Curiosity Killed the Cat, But Not this Martian Cat.

 

Do you ever wonder how scientists can repair their scientific gizmos millions of miles from where they are? We read a lot about these high tech equipment bogging down somewhere out there in deep space and yet they are brought back to life  in perfect condition, thanks to the ingenuity of  those NASA people and not mention the bight boys from European Space Agency with their Philae Lander.

This week NASA’s Mars rover Curiosity, took some needed rest before coming back to life again.  A software upgrade enabled it roar back to life once more in order to finish what it has been doing with amazing results before it went into hibernation.

It was while some doing some drilling activity on a Martian slab when it met an accident. Well. It’s ready for another drilling adventure and this time it’s going to test the mettle of another Martian rock christened Mojave2

Curiosity killed the cat, but not his one. This Curiosity, is now on a mission doing some investigation in the lower parts of Mount Sharp.
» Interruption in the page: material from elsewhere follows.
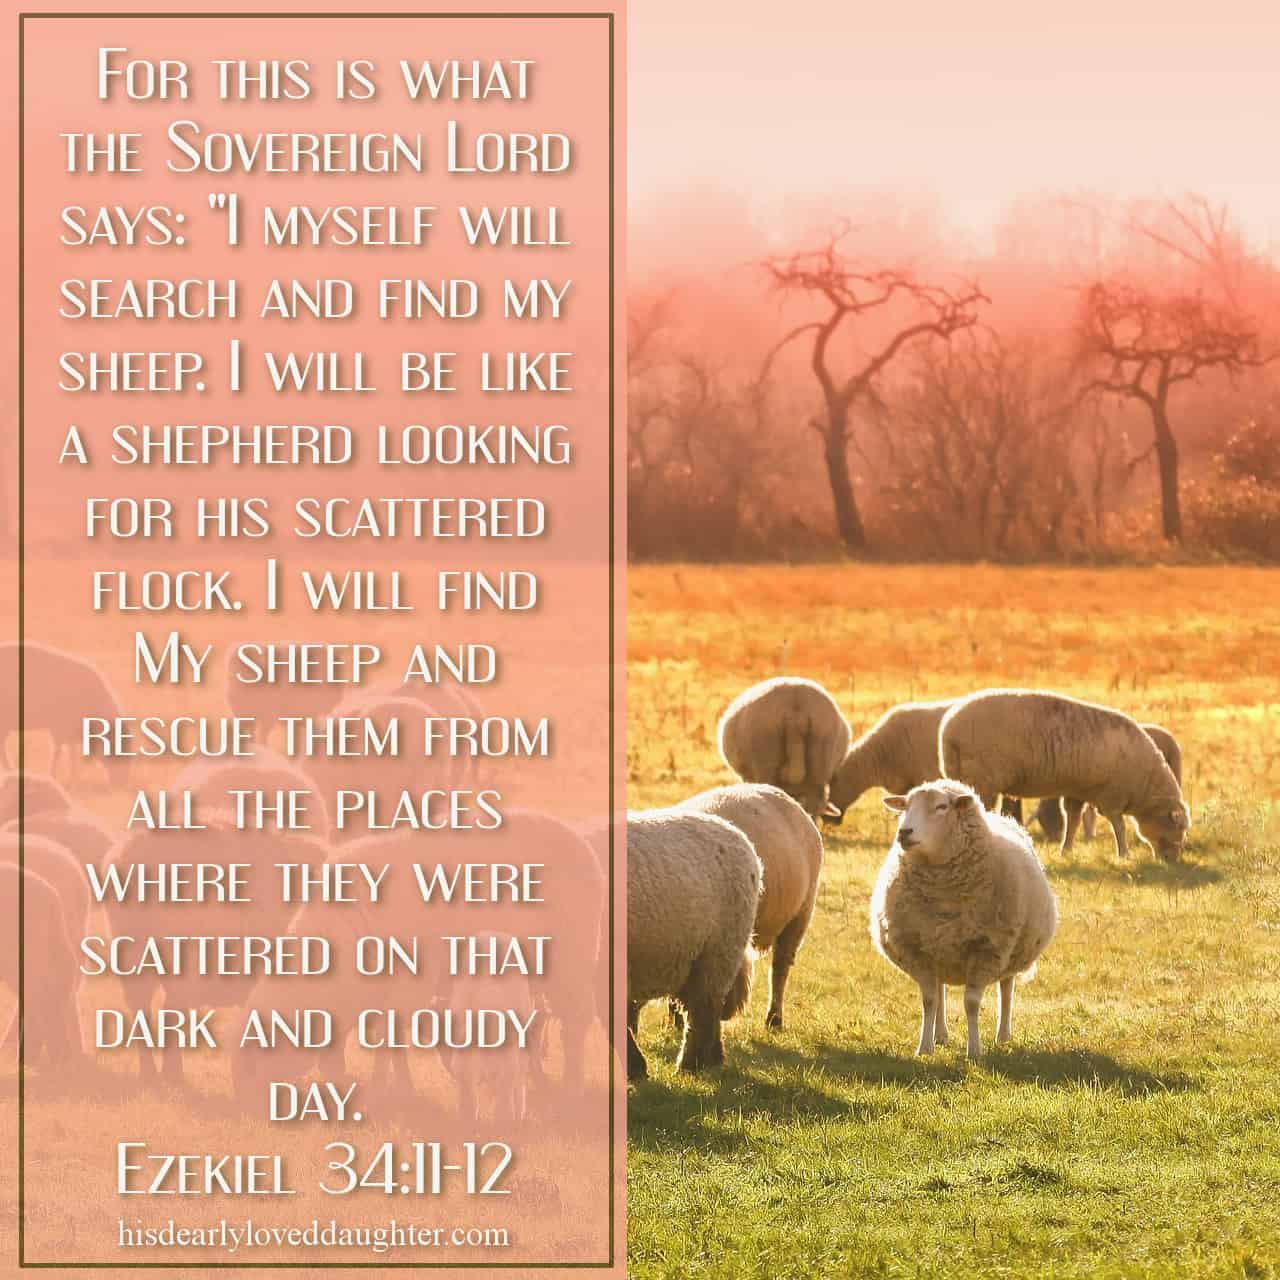 For this is what the Sovereign Lord says: "I will search and find my sheep. I will be like a shepherd looking for his scattered flock. I will find My sheep and rescue them from the places where they were scattered on that dark and cloudy day." Ezekiel 34:11-12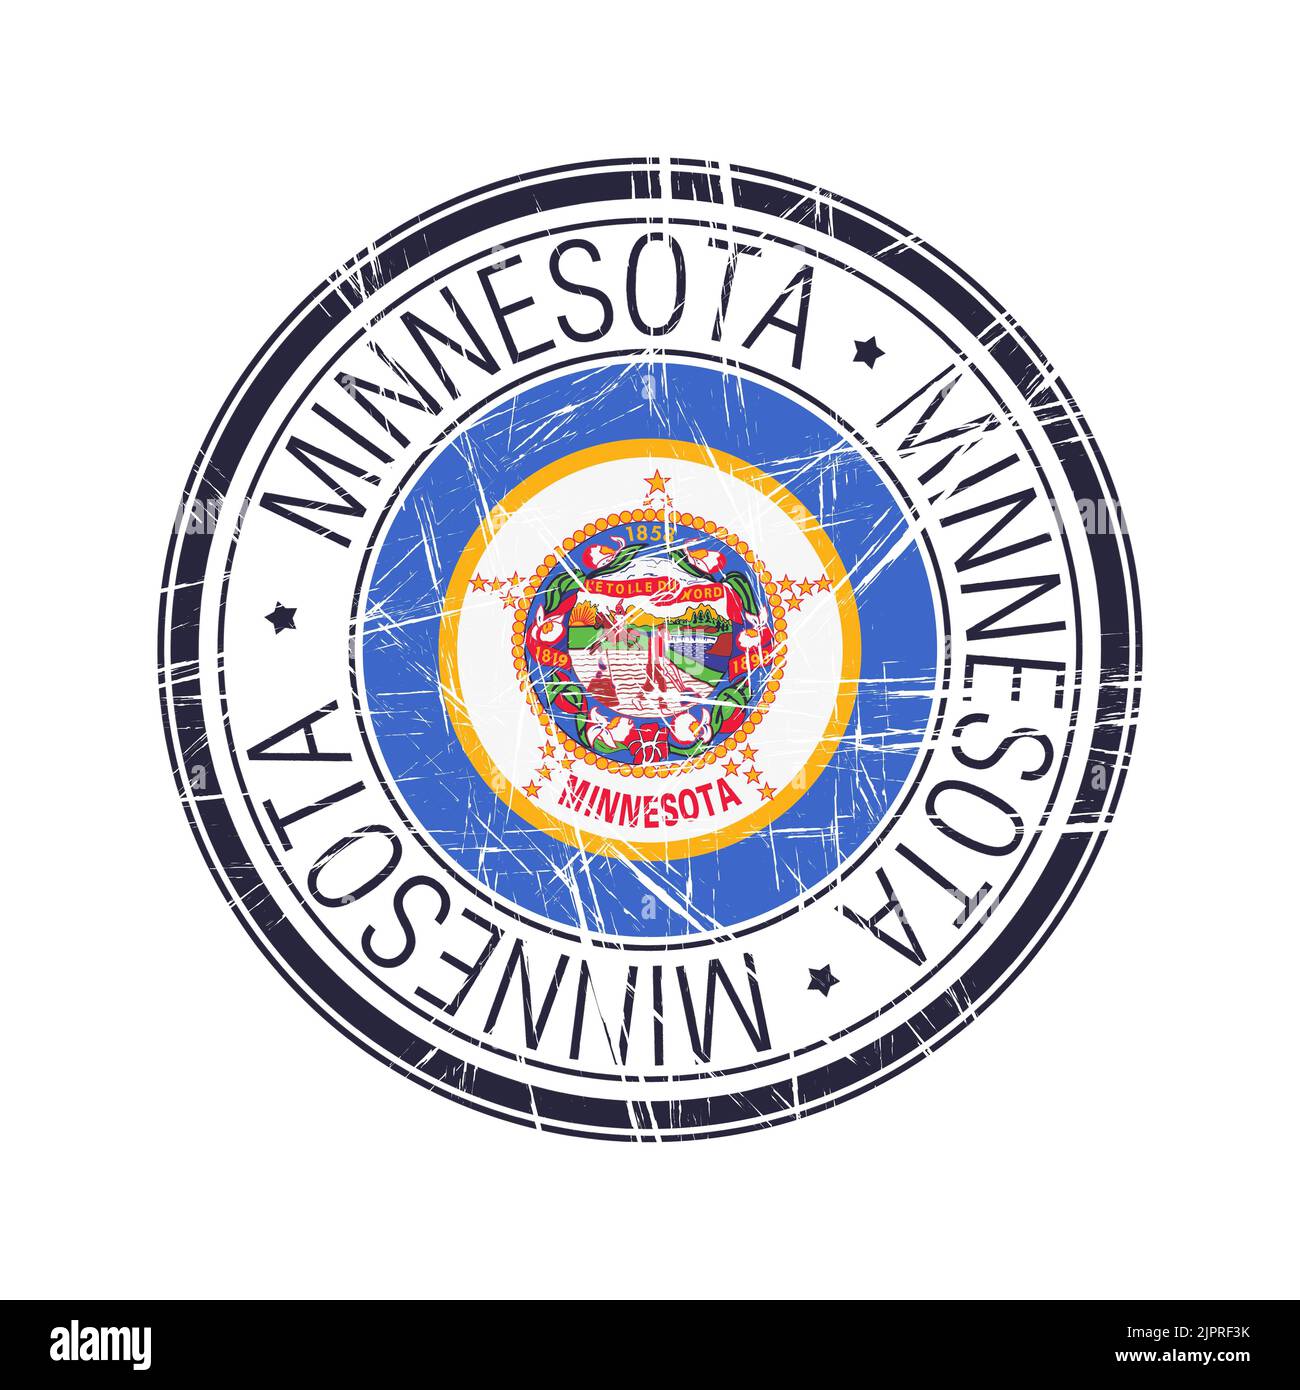 Great state of Minnesota postal rubber stamp, vector object over white background Stock Photo

It’s also known by another name, Aeolis Mons. Aleolis is the place where the Aeola Greek city was located. In Latin it means keeper of the winds.

It’s an impressive mountain that rises up to 18,000feet, from the ground level of Gale Grater. The crater has been the center of interest among the scientists since the start of exploration activities on the Red Planet since 2012. Scientists have been studying the highly spectacular discoveries that rover has managed to transmit from the very beginning. One stunning finding is that water was once flowing in this arid planet before and there’s an evidence of microbes existing once before. Let us remember that according to indisputable theory man is also came from microbes, such as the one celled bacteria.

The presence of methane gas and other complex carbon molecules,   chlorobenzene in particular, has been some of those which have been detected by the rover’s sensors on December 16, 2014. Methane is an important find since back here on Earth, this particular gas is associated with microbial presence.

(Now that Curiosity is back, scientists hope to continue with finding more data about the geological and environmental aspects of Mars in Mount Sharp.